Incidentally, the failure to occur is not limited to the above-mentioned embodiments. For example, the photoelectric conversion element is not limited to optical sensors, but can be well applied to solar cells and other devices, particularly those using photoconductive films. Further, the thickness of the fluorine-based resin as the protective film, the method of forming the film, etc. may be changed as appropriate depending on the use.

Furthermore, the protective film formation process is not limited to high-frequency sputtering, but also includes high-frequency magnetron sputtering, bias sputtering,
However, various sputtering methods can be used. Also,
Not only the sputtering method but also any method that can deposit a protective film made of a fluorine-based resin by a dry process can be used. In addition, various modifications can be made without departing from the gist of the present invention.

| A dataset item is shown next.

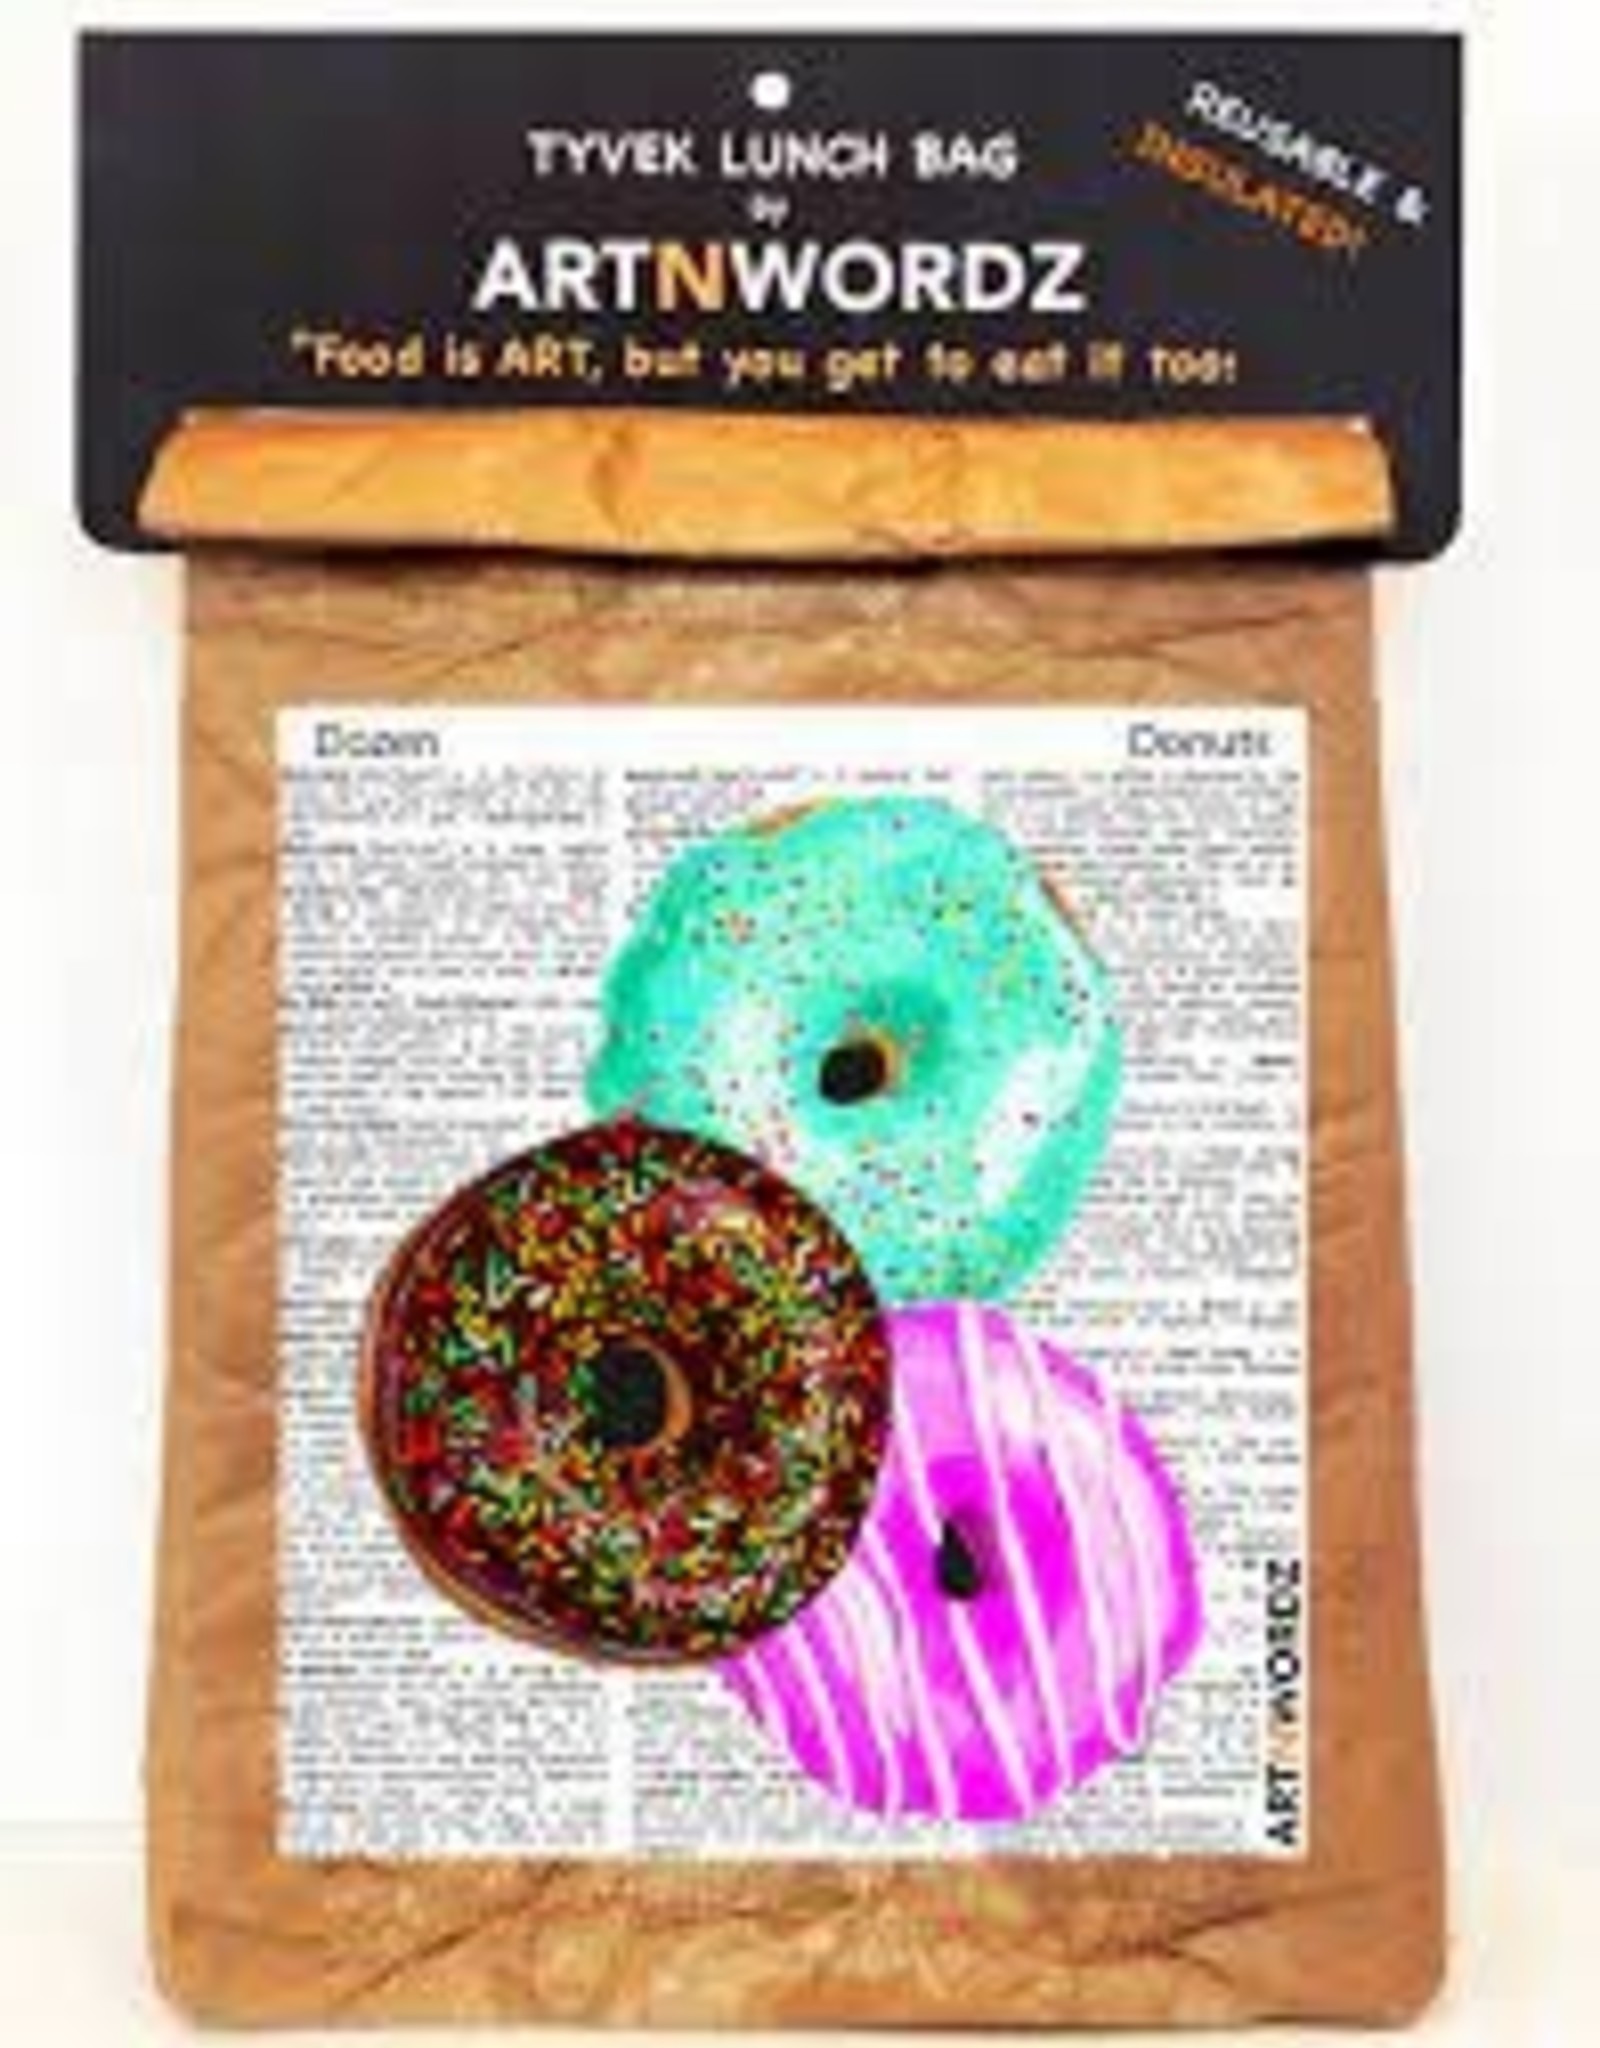 Kitchen Artnwordz - Donuts Lunch Bag

[Brief Description of the Drawings] Figure 1 is a sectional view showing the schematic configuration of a conventional optical sensor;
The figure is a sectional view showing a schematic configuration of an optical sensor according to an embodiment of the present invention. 11.21... Insulating substrate, 12.22... First electrode, 13.23... Amorphous Si film, 14.24...
- Second electrode (transparent electrode), 25...protective film. Applicant's agent Patent attorney Takehiko Suzue Figure 1 Figure 2

Claims (5)

[Claims] (1) It is characterized by comprising a photoelectric conversion element body formed on a substrate, and a protective film made of a light-transmitting fluorine-based resin and formed to cover the photoelectric conversion element body. Photoelectric conversion element. (2) The charge conversion element according to claim 1, wherein the protective film is formed by sputtering using a fluorine-based resin as a target layer. (3) forming a photoelectric conversion element body on the substrate;
A method for manufacturing a photoelectric conversion element, comprising the step of: next, forming a protective film made of a light-transmitting fluorine-based resin to cover the photoelectric conversion element main body by a dry process. (4) The method for manufacturing a photoelectric conversion element according to claim 3, wherein the step of forming the protective film uses a sputtering method using a fluorine-based resin as a target. (5) Said protection! ! A patent characterized in that, as a culm for forming a film, the surface on which the protective film is to be formed is treated in advance by reverse sputtering, and then the protective film is formed by a sputtering method targeting the fluorine-based resin. The present invention relates to a photoelectric conversion element having a photoelectric conversion destination according to claim 3 and a method for manufacturing the same.